Seling v. Young, 531 U.S. 250 (2001), was a United States Supreme Court case decided in 2001. The case concerned a challenge to a civil commitment statute for sexual predators in Washington state. The petitioner tried to differentiate this case from previous ones before the Supreme Court which upheld civil commitment statutes. The Court rejected the challenge to the law over the objection of a single Justice.

==Background==
In 1990, Washington state passed the Community Protection Act of 1990 which authorized the civil commitment of "sexually violent predators", persons considered to have a "mental abnormality" that makes them likely to engage in sexually violent acts. Under this law, a person who has been convicted of a sexually violent offense and is scheduled for release from jail or prison is instead subject to civil commitment, if found to be a "sexually violent predator". Andre Brigham Young was confined under the provisions of the Act. He challenged his commitment in state court, arguing that the conditions of his commitment were punitive and that he was, in effect, serving a second criminal sentence. After losing in his suit, he began a habeas action in federal court.

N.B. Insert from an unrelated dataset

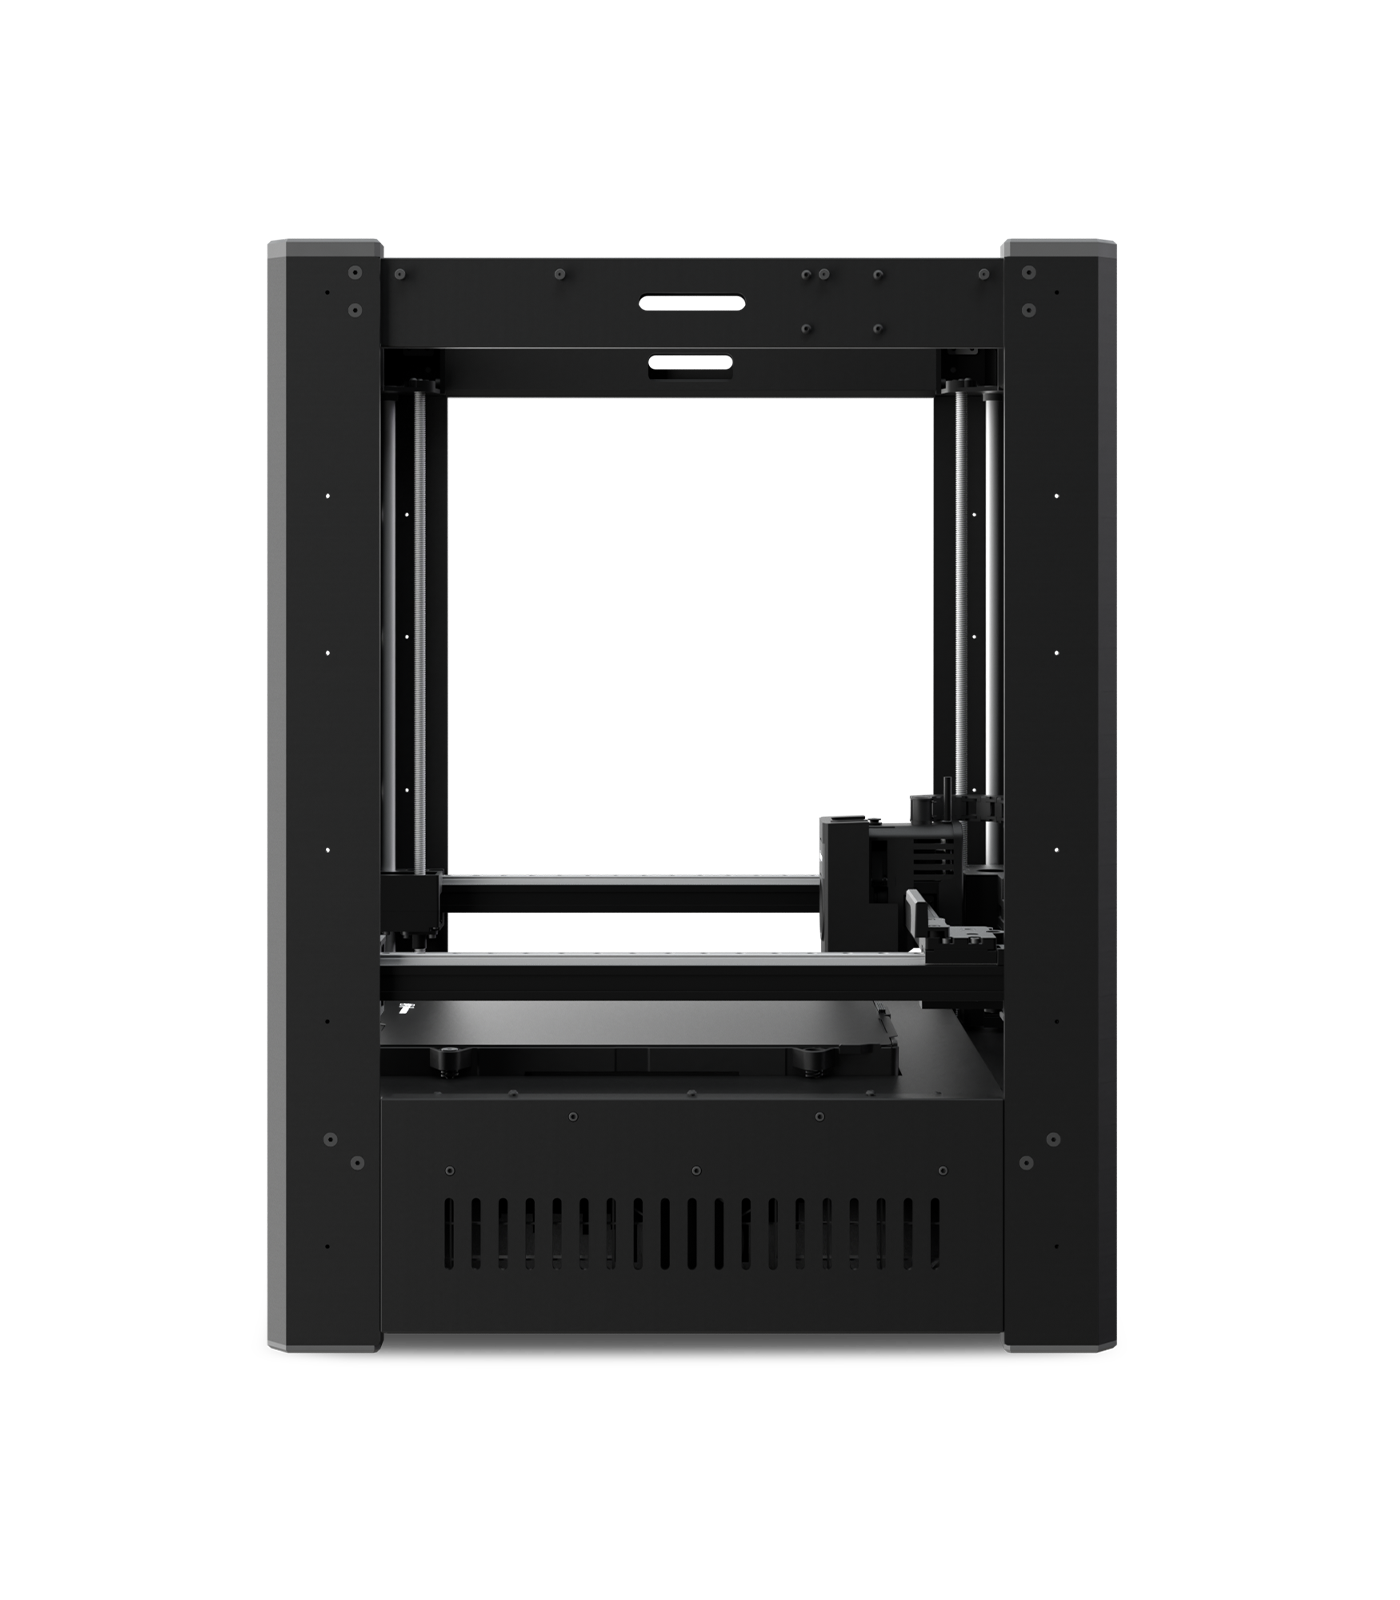 Phrozen Arco FDM 3D Printer

The Ninth Circuit Court of Appeals concluded that Young's challenge to the law was allowed, even though the United States Supreme Court had decided in 1997, in Kansas v. Hendricks, that a similar Kansas law was constitutional. The Ninth Circuit distinguished the cases, saying this case challenged the law "as applied", and was specific to the potentially 'punitive' nature of the Washington law.

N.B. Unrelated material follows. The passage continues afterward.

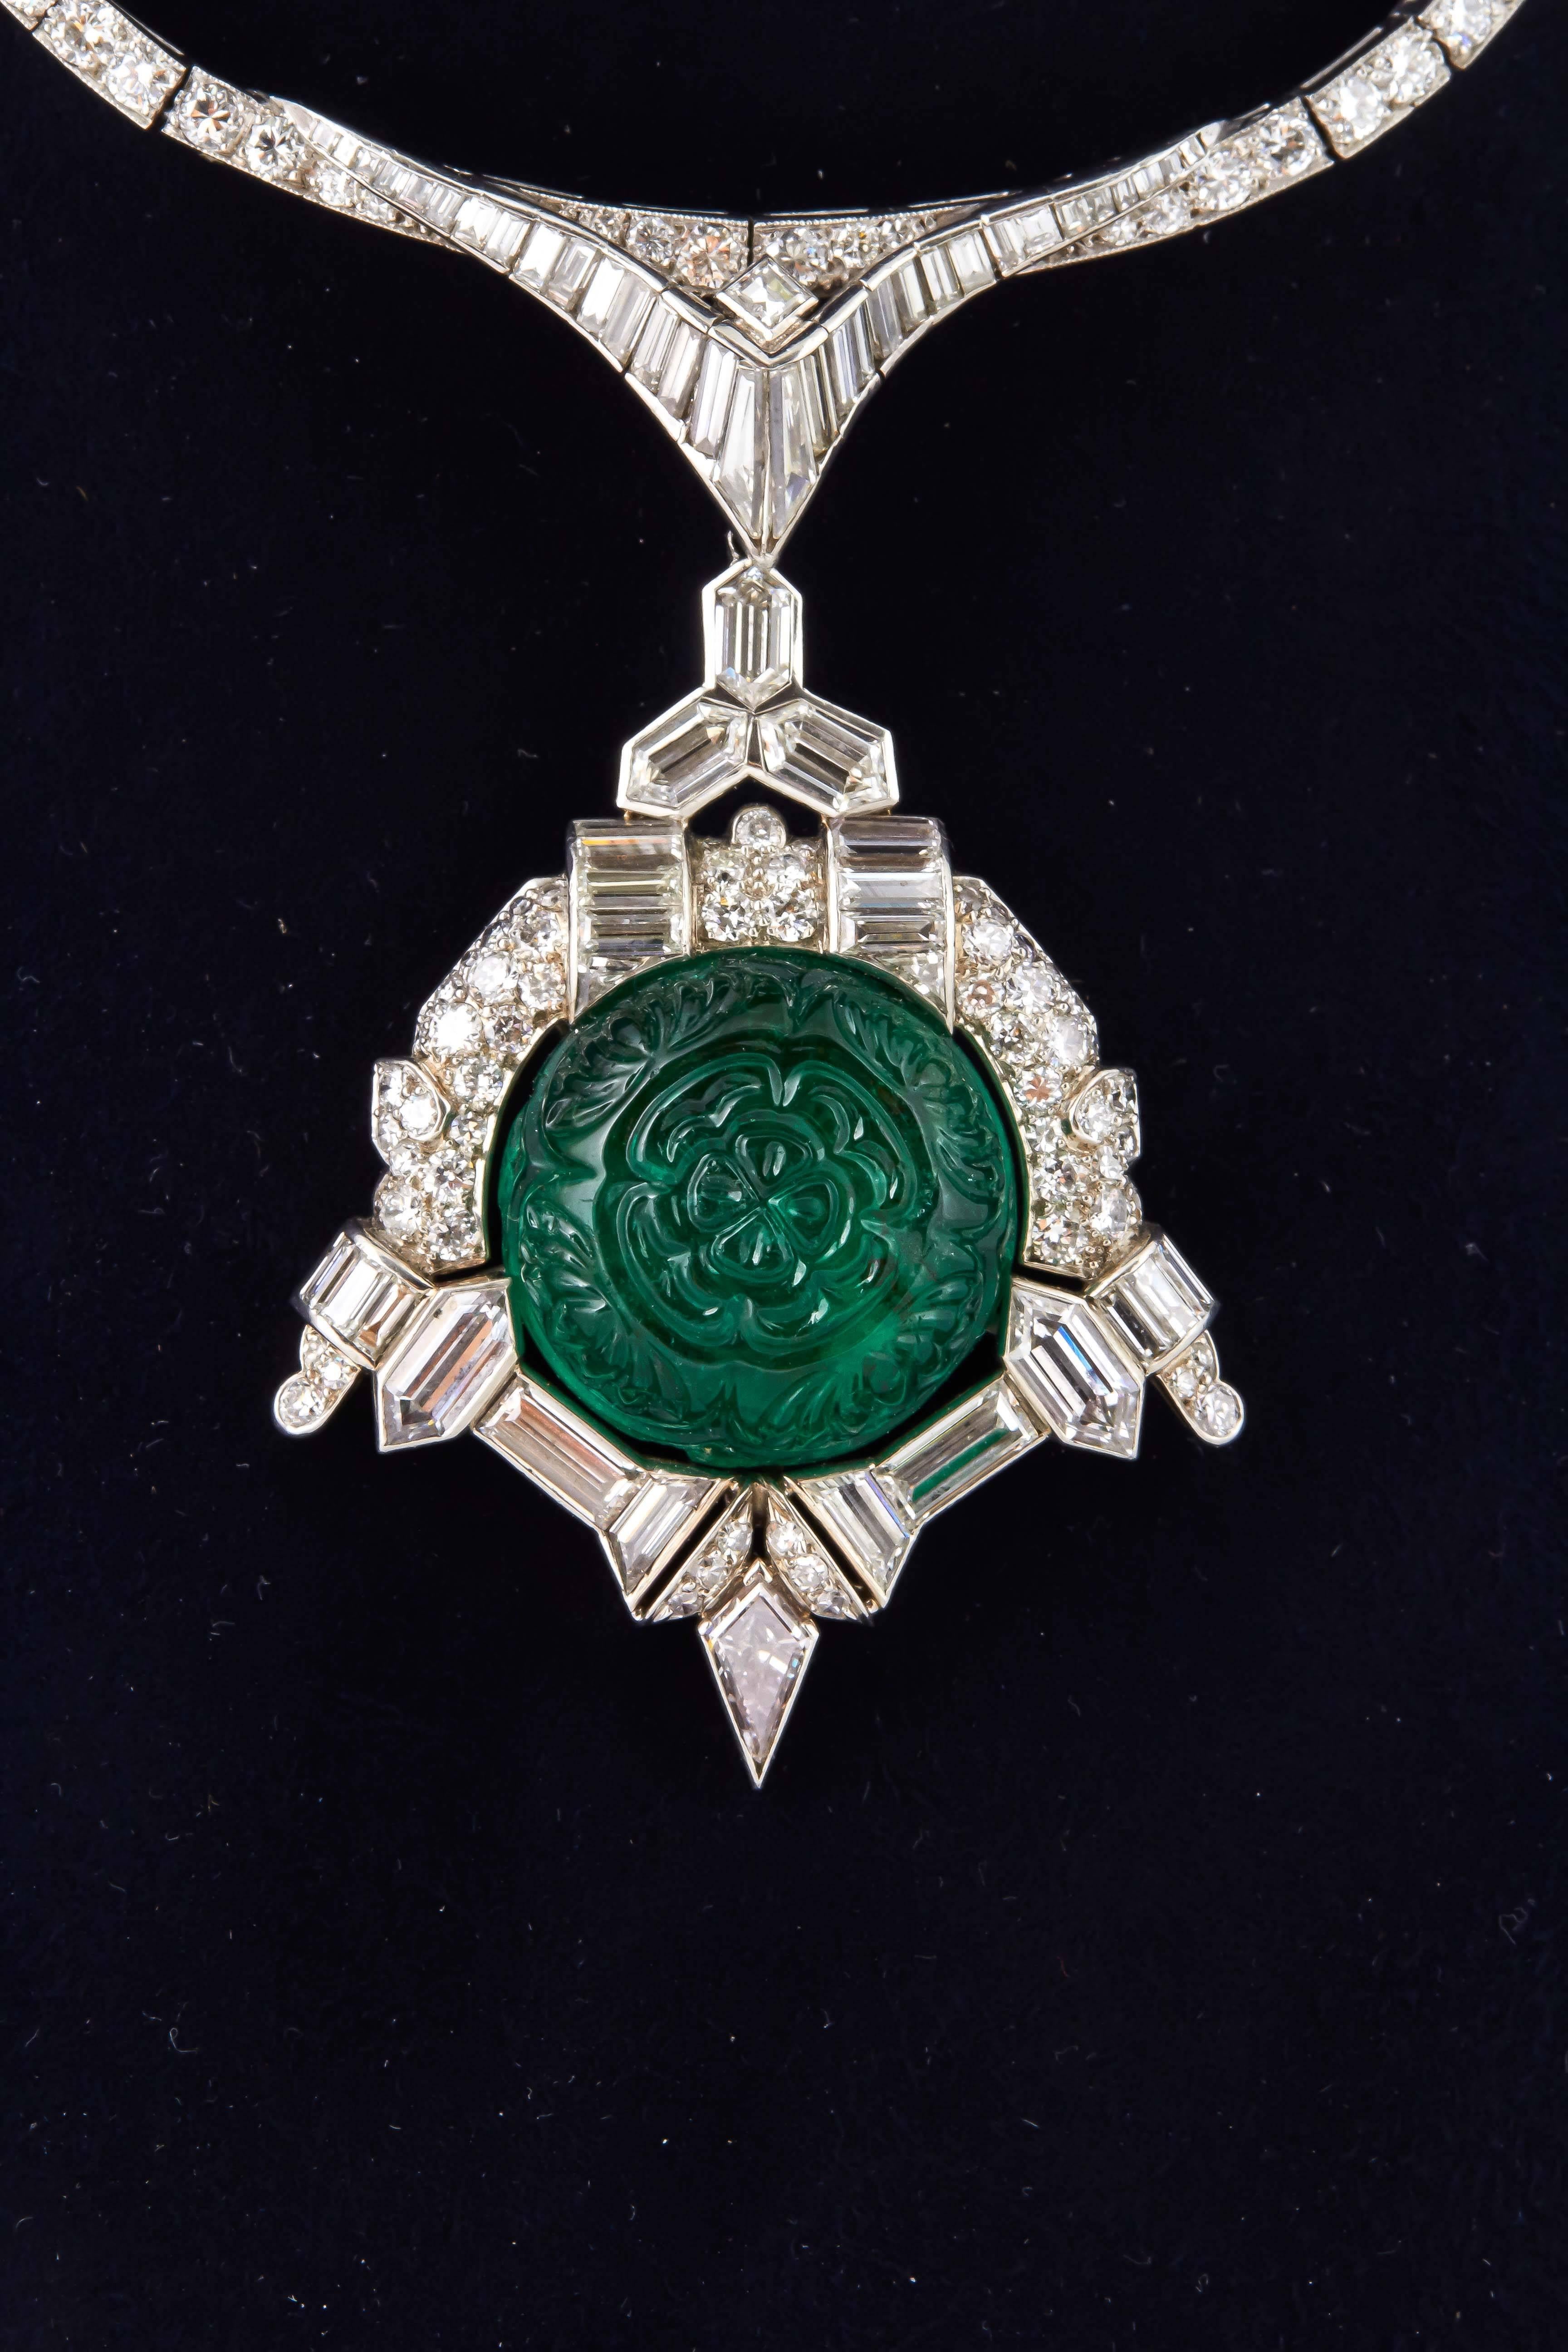 Dies ist eine schöne und einzigartige antike Art Deco Halskette  fein gearbeitet aus Platin mit Diamanten und abnehmbarem Diamant- und Smaragd-Anhänger. Der geschnitzte Smaragd wiegt etwa 35,00 Karat und die Diamanten wiegen insgesamt etwa 30,00

The state appealed and the Supreme Court granted review.

==Opinion of the Court==
Justice Sandra Day O'Connor delivered the opinion of the Court, which disagreed with the Ninth Circuit as to the nature of the challenge to the Washington statute. O'Connor argued that because the Washington Supreme Court had already held the law as entirely 'civil', Young's contention that the law was 'punitive' was functionally a full "facial challenge". A facial challenge takes issue with the entire law, and such challenges had already been dismissed by the Supreme Court.

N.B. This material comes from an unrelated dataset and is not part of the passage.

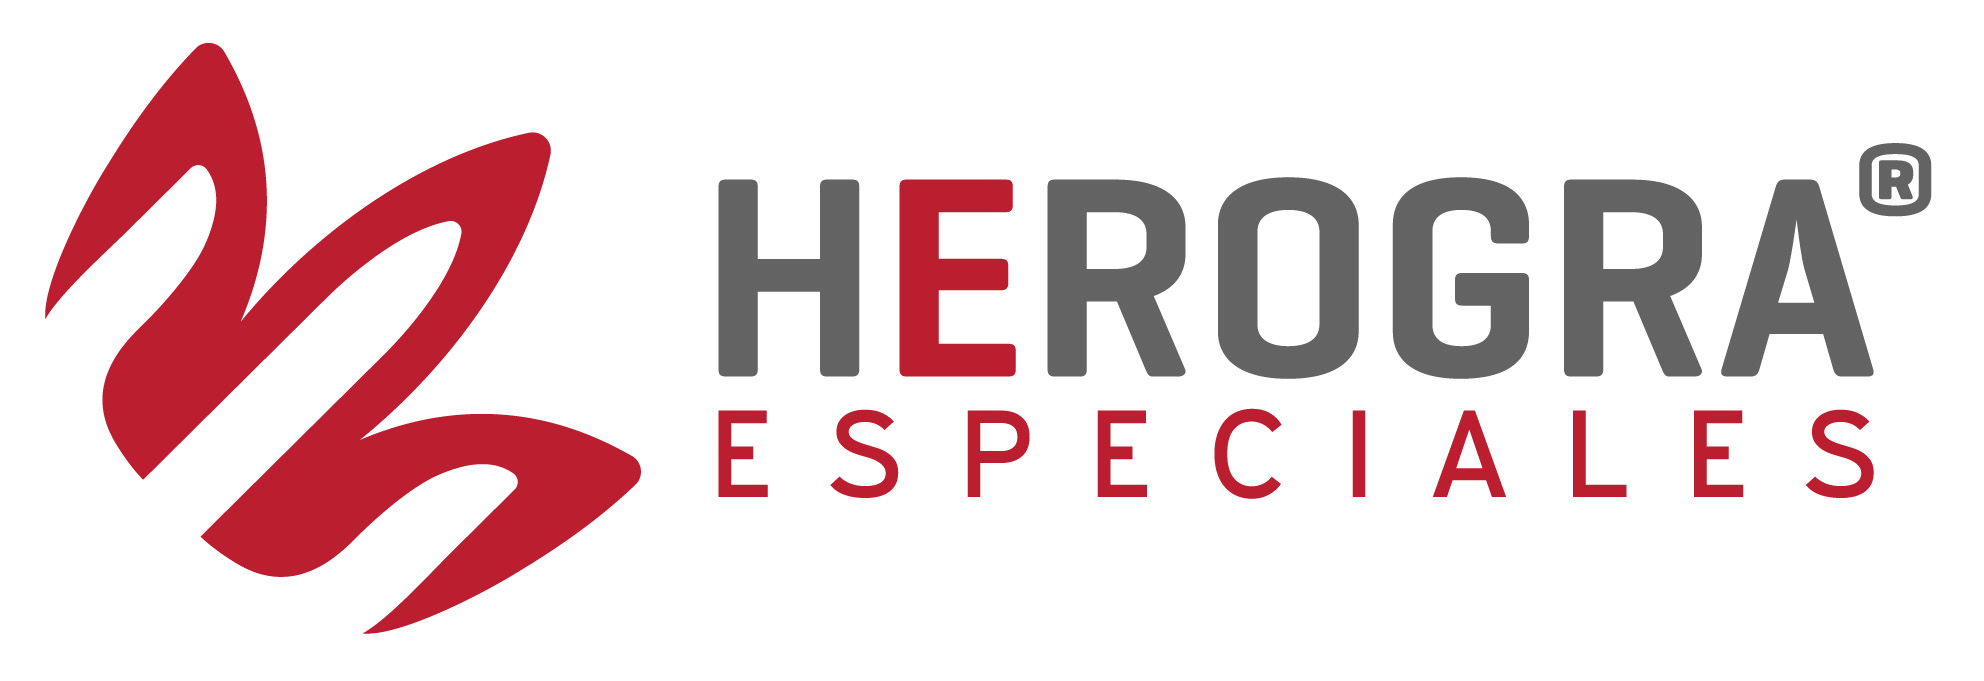 herogra-especiales

O'Connor stressed that the decision "does not mean that respondent and others...have no remedy for the alleged conditions at the Center". Instead, committed persons could challenge the state of conditions in accordance with the procedures established under the Washington law. Lastly, the Court dismissed the challenge to the law as the act in question was entirely 'civil'.

===Scalia's concurrence===
Justice Antonin Scalia wrote a concurrence in the decision of the majority with which Justice Souter joined. He wrote simply to "dissociate [himself] from any implication that there is [an] open question" about the ex post facto and Double Jeopardy Clause challenges to the Washington law. Scalia wrote that the purely civil nature of the commitment statute blocked any Fifth Amendment challenge, which only relate to criminal laws.

===Thomas' concurrence===
Justice Clarence Thomas concurred in the judgment of the Court, but not the reasoning of the majority. His opinion rested on two primary points: first, that just because a civil statute is implemented in a 'criminal-like' manner does not change the nature of the statute; second, a 'first instance' challenge and a subsequent challenge is a distinction "without a difference". Thus, he disagreed with the concept of 'as-applied' challenges to state laws.

===Stevens' dissent===
Justice John Paul Stevens wrote a lone dissenting opinion. He argued that the detention of a person in the manner Washington state has done is not "necessarily civil". Stevens argued that the punitive nature of the detention makes the sanction criminal. Thus, he saw a violation of the Double Jeopardy Clause as "conditions of confinement" were placed twice for the defendant—once in prison and once in civil commitment.

Stevens concluded by saying he would have affirmed the decision of the Ninth Circuit.